How does it work? Joe Flanders, registered psychologist and founder of Montréal’s Mindspace, and Mathew following his courses, both explain the principle. “Our minds naturally have a tendency to wander in the past and future. Mindful meditation trains you to bring your thoughts back to the present moment.”
The practice was devised by Dr. Jon Kabat-Zinn in the 80s and is also known by the acronym MBSR (Mindfulness Based Stress Reduction). The training takes place over eight weeks for two hours per week and there breathing techniques are also learned to bring us back to the present.
Gina Rubinsky—registered psychologist and found of the Living Arts centre teaching MBSR—explains, “It benefits the mind while also benefiting the body. There are measurable physical effects such as diminished blood pressure, reinforced immune system, improved sleep, and–on the psychological level—a decrease in stress and automatic responsiveness.”

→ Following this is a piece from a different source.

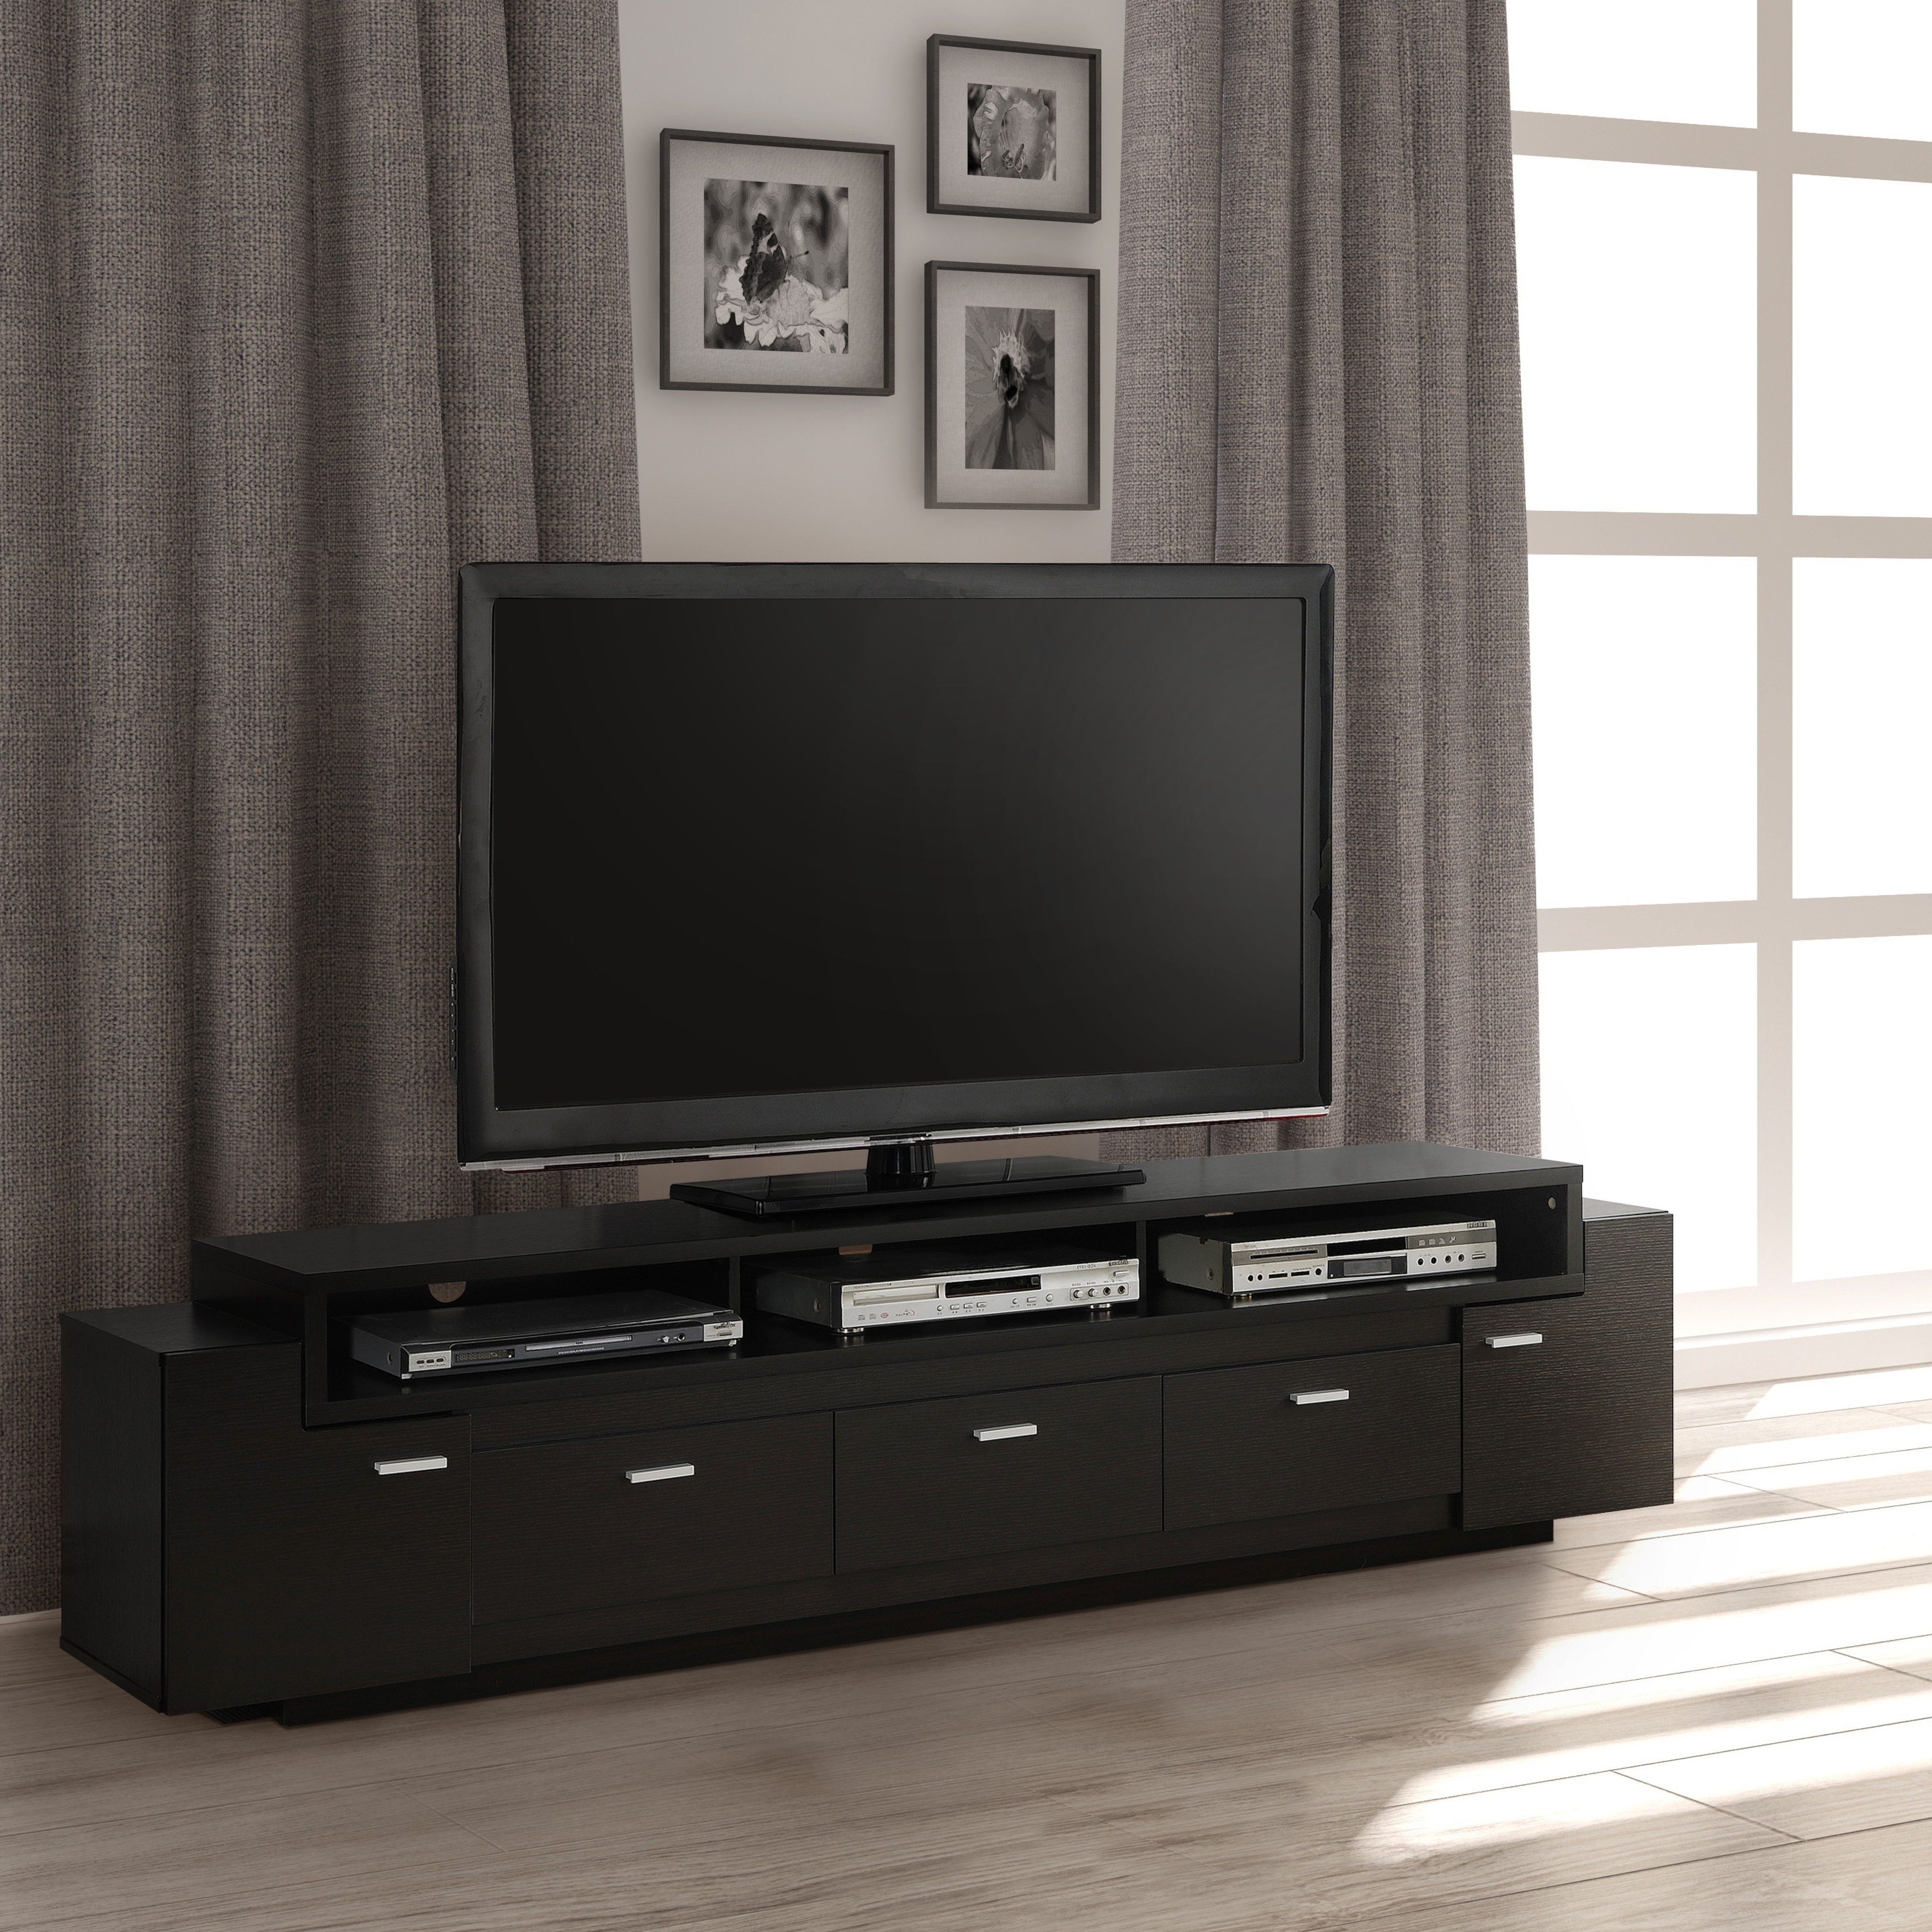 Wide Tv Cabinets Intended For Famous Shop Porch & Den Hubbard 84 Inch Tiered Tv Stand – On Sale – Free (View 19 of 20)

Mathew explains the greatest benefit that he draws from this practice, “Mindfulness meditation lets me be more responsive to my employees,” he explains, “When a situation presents itself, I listen before acting. It gives me reflexes.”
Meditation at work : No small gain
That is all good and well, but how much time does the practice take? Rubinsky clarifies, “The difference between formal and informal practices must be made.”
Formal practice is the meditation we imagine, the psychologist asserts, “We do breathing exercises isolated in a room for five to twenty minutes. We suggest practising it every day, but benefits can be reaped even if the bare minimum is done often enough.”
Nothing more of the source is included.